On the night of Marian's date with Jeff, she becomes annoyed when her family makes fun of her choice of a dress, which is really a fancy nightgown, and promises that she "will show them."

That night, a man from a collection agency comes to the house and demands that Emily pay the full amount of the coat or be taken to court and have her husband's salary attached.

Later, at the dance, Melodie impresses everyone with her new clothes and hairstyle, and now the boys are willing to pay Andy. Despite Melodie's charm, Andy later admits to her that he does not return her affection. When she quietly goes into her house, she overhears her parents having a vicious argument. Back at home, Andy feels terrible that he made Melodie cry, but is happy to hear that Polly Benedict, his old girlfriend, is coming home. Melodie then comes to the judge and says that she never wants to see either of her parents again and the judge lets her spend the night with his family.

Some time later, Andy, who volunteered to search for the long-overdue Marian, brings her home, towing Jeff's car, in which a drunken Jeff had a minor crash. After they bring the passed-out Jeff into the house, the judge explains to Andy how low man falls when he allows himself to reach this state. The next day, a sober Jeff comes to the door to apologize and say that he did hear the judge's words the previous night and has learned his lesson.

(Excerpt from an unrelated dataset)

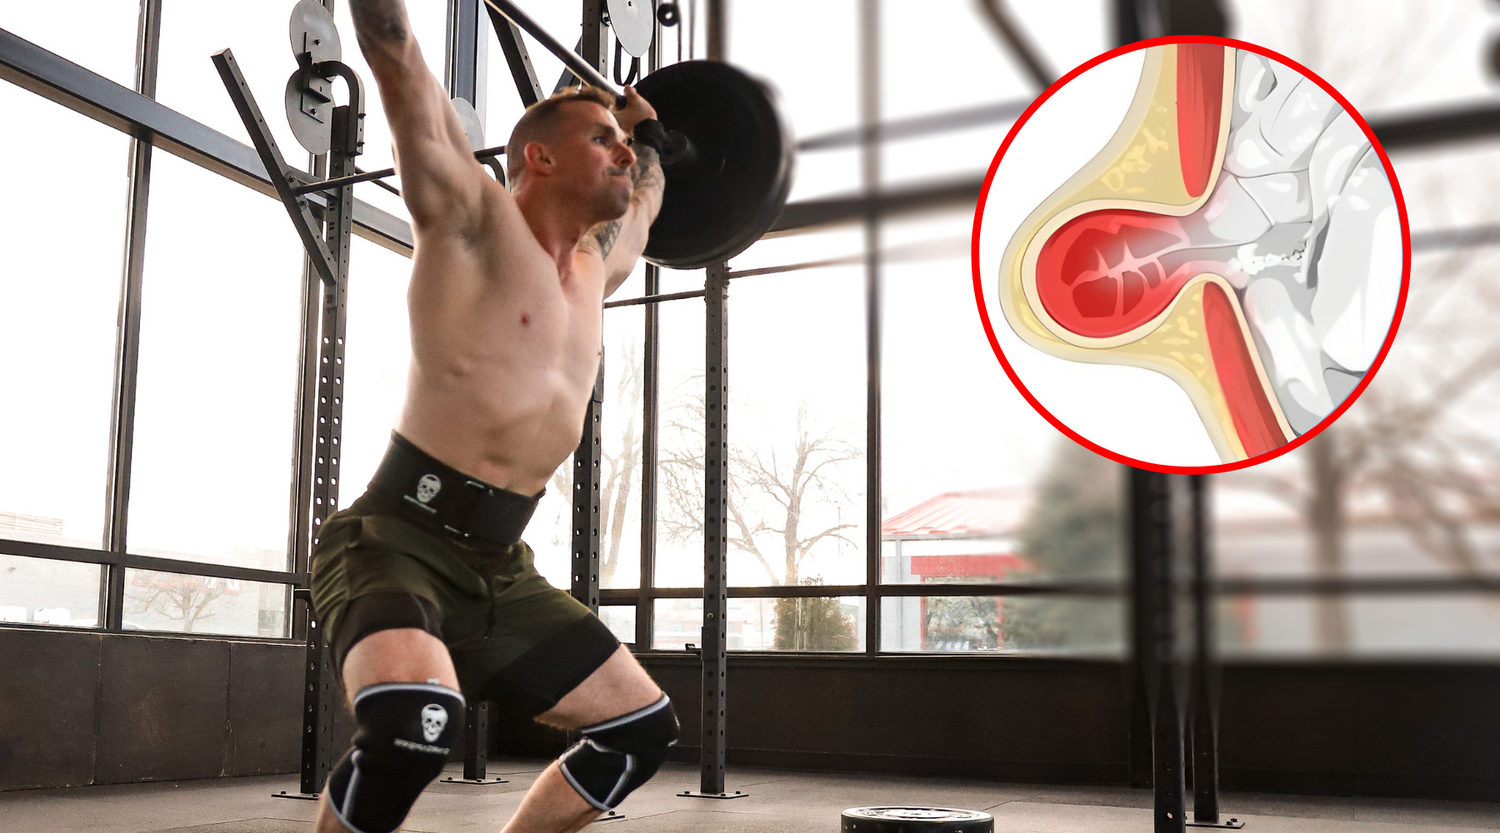 Does A Lifting Belt Prevent Hernias? (A PT Answers)

That afternoon, the judge meets with Melodie's parents, and after lecturing them about their behavior, asks Melodie in and convinces Olivia and Roderick to retract the horrible things they have said about each other and try to get along.

After the family leaves, a tearful Emily comes to her husband, remorseful over what has happened about the cut-away coat. The judge alleviates her fears by letting her know that he inadvertently found out about the agency and discovered that the entire mail-order business was run by confidence men who tricked unsuspecting customers into paying more than the advertised price for the suit.

That afternoon, Andy takes Harry to see Melodie, who has gotten over her crush on Andy and is more than willing to date the smitten Harry. She also convinces Andy to ask Polly to the football dance. As Andy leaves Melodie's house, Polly drives by with her cousin, who coincidentally is the man who mistakenly thought that Andy stole his car. With everything now fine, Andy drives home and tells his father, "women are habit forming."

==Cast==

- Lewis Stone as Judge James K. Hardy
- Mickey Rooney as Andrew 'Andy' Hardy
- Cecilia Parker as Marian Hardy
- Fay Holden as Mrs. Emily Hardy
- Ann Rutherford as Polly Benedict
- Sara Haden as Aunt Milly Forrest
- Donna Reed as Melodie Eunice Nesbit
- William Lundigan as Jefferson 'Jeff' Willis
- Frieda Inescort as Olivia Nesbit
- Harvey Stephens as Roderick O. Nesbit
- Joseph Crehan as Peter Dugan
- George P. Breakston as Beezy
- Todd Karns as Harry Land
- Barbara Bedford as Elsa, Nesbit's Maid
- Lois Collier as 	Cynthia, Girl at the Dance
- Tim Ryan as 	Police Officer Farrell

==Reception==
===Box Office===
The film made $1,551,000 in the US and Canada and $858,000 elsewhere during its initial theatrical release, making MGM a profit of $1,319,000.